Le Sénégal, qui perd chaque année plus de 76 millions d’euros en raison du manque d’infrastructures de stockage et de conservation des produits horticoles, entamera, avant la fin de l’année 2025, la construction de chambres froides pour oignons et pommes de terre sur dix sites dans les zones de production, un projet de 170 milliards de francs CFA (près de 260 millions d’euros) appuyé, entre autres, par la Coopération allemande. L’État ne débourse pas un seul franc pour ce projet de Partenariat Public-Privé (PPP) qui devrait créer 300 emplois dans les localités qui accueilleront les magasins de stockage frigorifique, a indiqué le ministère de l’Industrie et du commerce (MIC).
D’une capacité de conservation de 250 000 tonnes, ces infrastructures permettront de stabiliser l’approvisionnement et de mieux satisfaire la demande pour les consommateurs et les exportateurs, a indiqué, de son côté, l’ambassade d’Allemagne au Sénégal. Fonctionnant à l’énergie solaire, les chambres froides produiront plus de 50 mégawatts (MW), dont l’excédent pourra être exploité par la Société nationale d’électricité du Sénégal (Senelec), selon le MIC. L’agence allemande de Coopération internationale (GIZ) financera des formations destinées à des techniciens et agriculteurs impliqués dans le projet.

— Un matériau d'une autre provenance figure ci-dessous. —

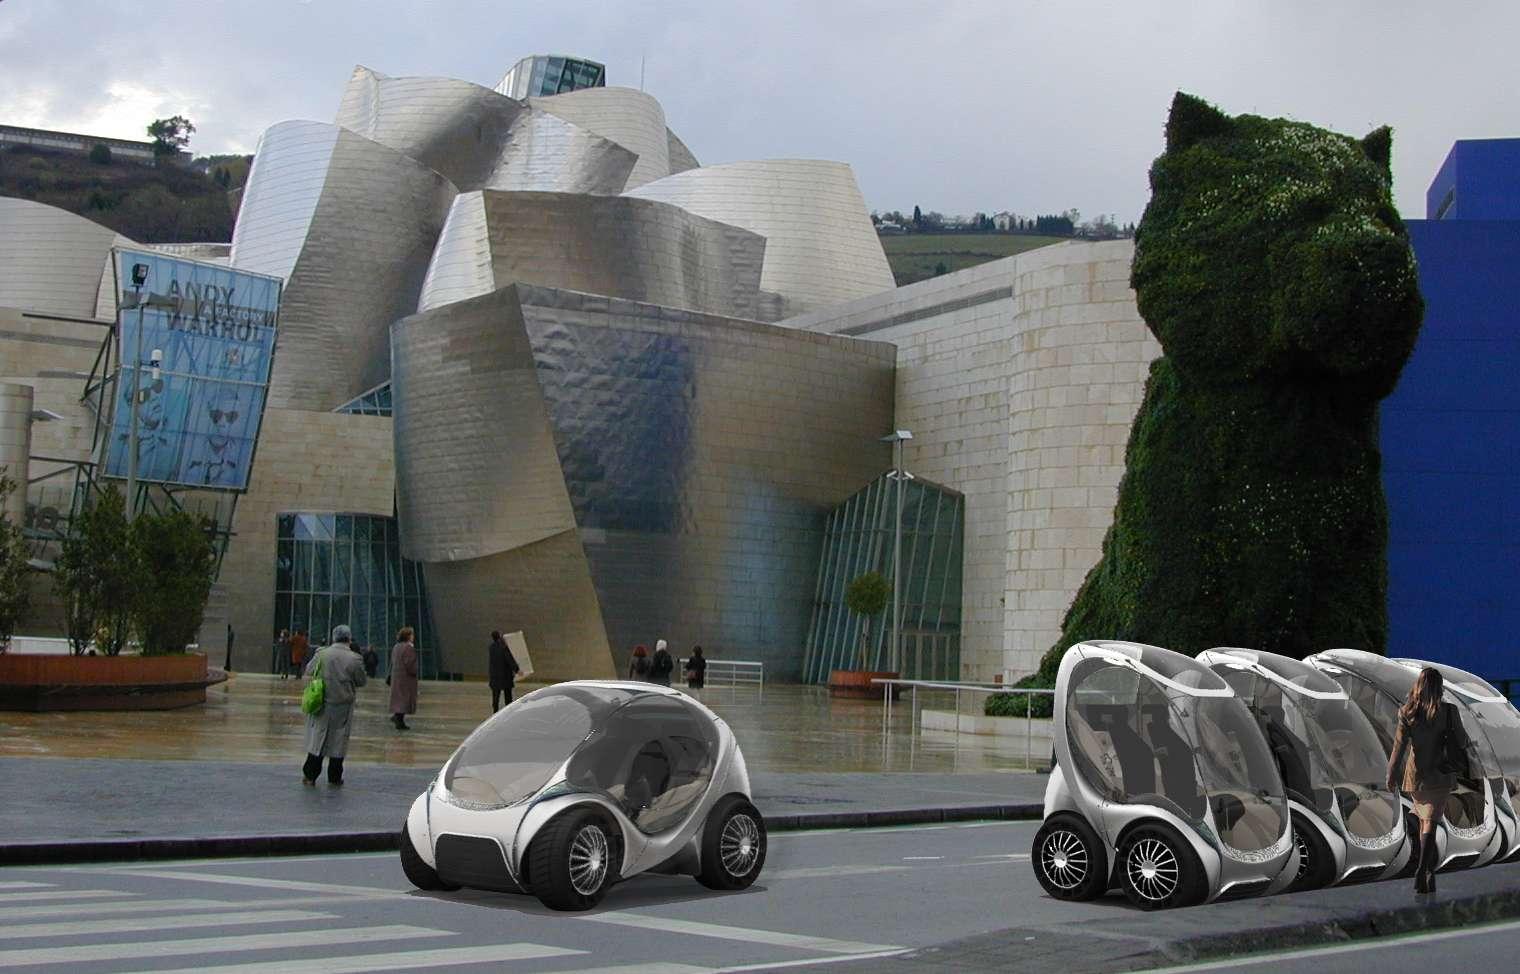 La préproduction de 20 voitures tests a démarré en juillet 2012 à Vitoria-Gasteiz en Espagne. Hiriko pourrait être déclinée en version pickup et décapotable. © Hiriko.com
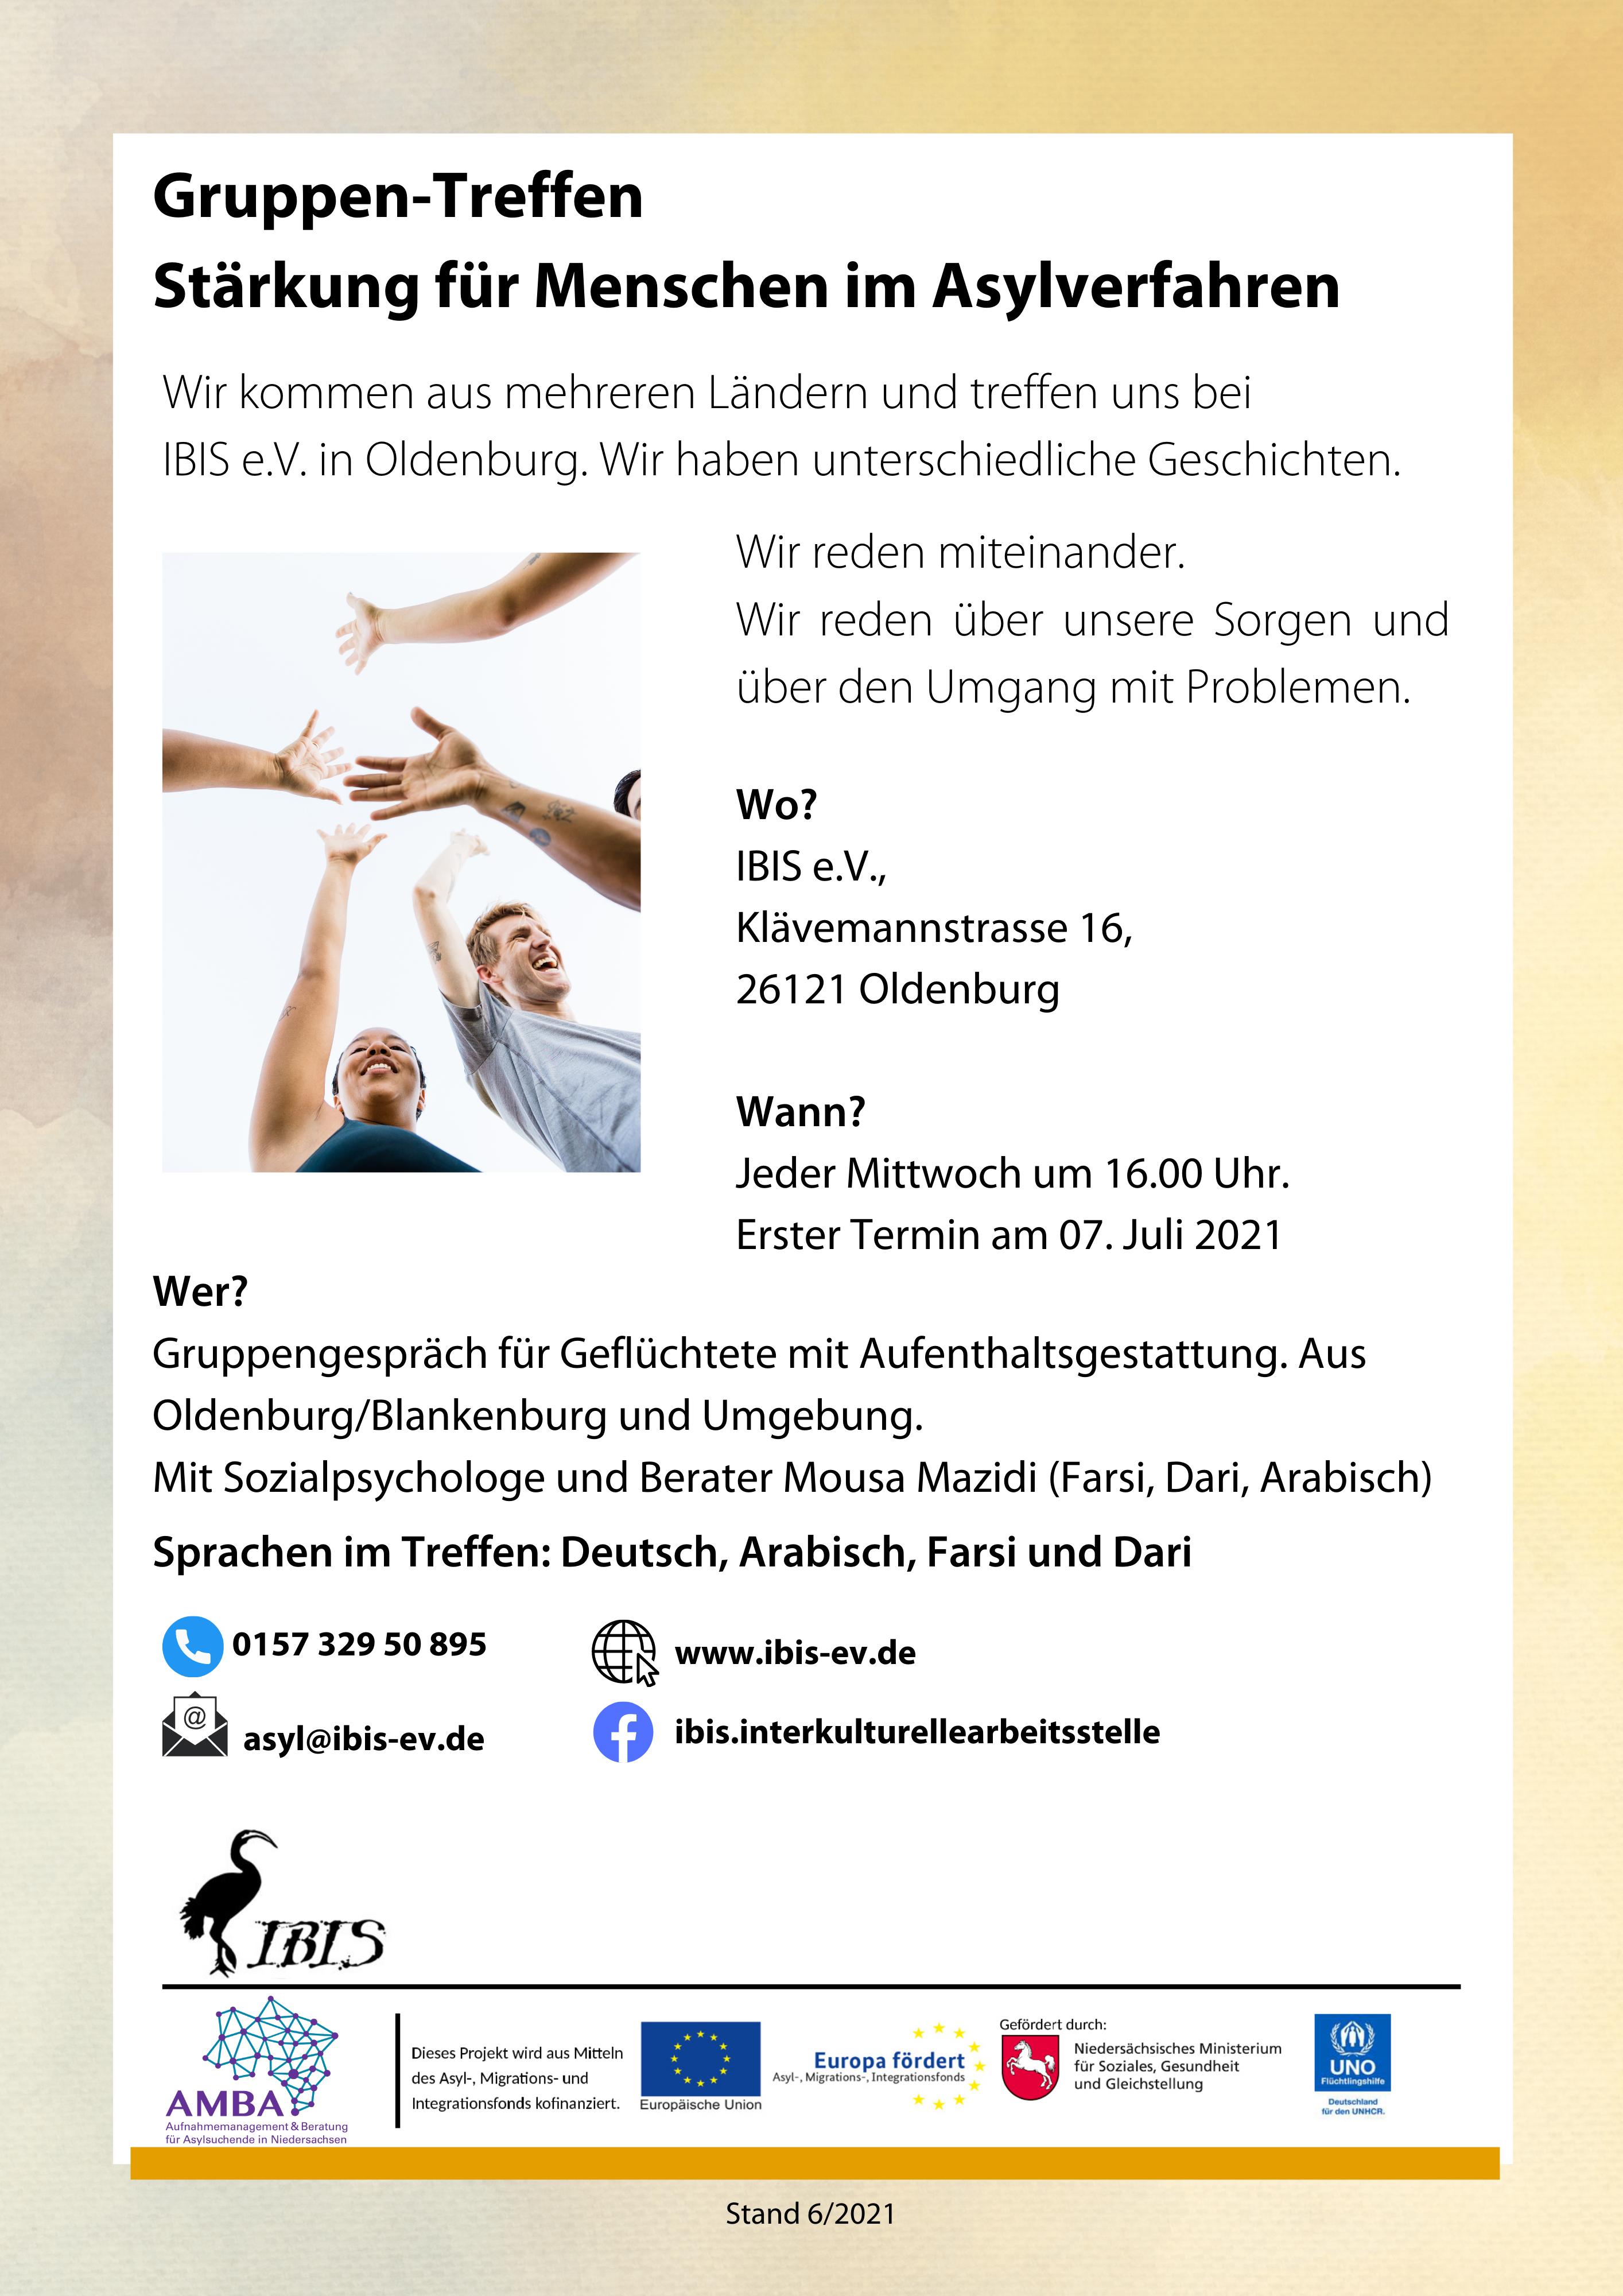 Gruppen-Treffen – Stärkung Für Menschen Im Asylverfahren

L’investissement permettra de réduire considérablement les pertes post-récoltes, estimées entre 30 et 40 pour cent de la production d’oignons et de pommes de terre, a souligné le MIC. En 2025, le Sénégal a produit près de 450 000 tonnes d’oignons et 245 000 tonnes de pommes de terre, selon le ministère. Le manque d’infrastructures de stockage et de conservation des produits horticoles fait perdre au Sénégal près de 50 milliards FCFA (plus de 76 millions d’euros), chaque année, a-t-on fait remarquer.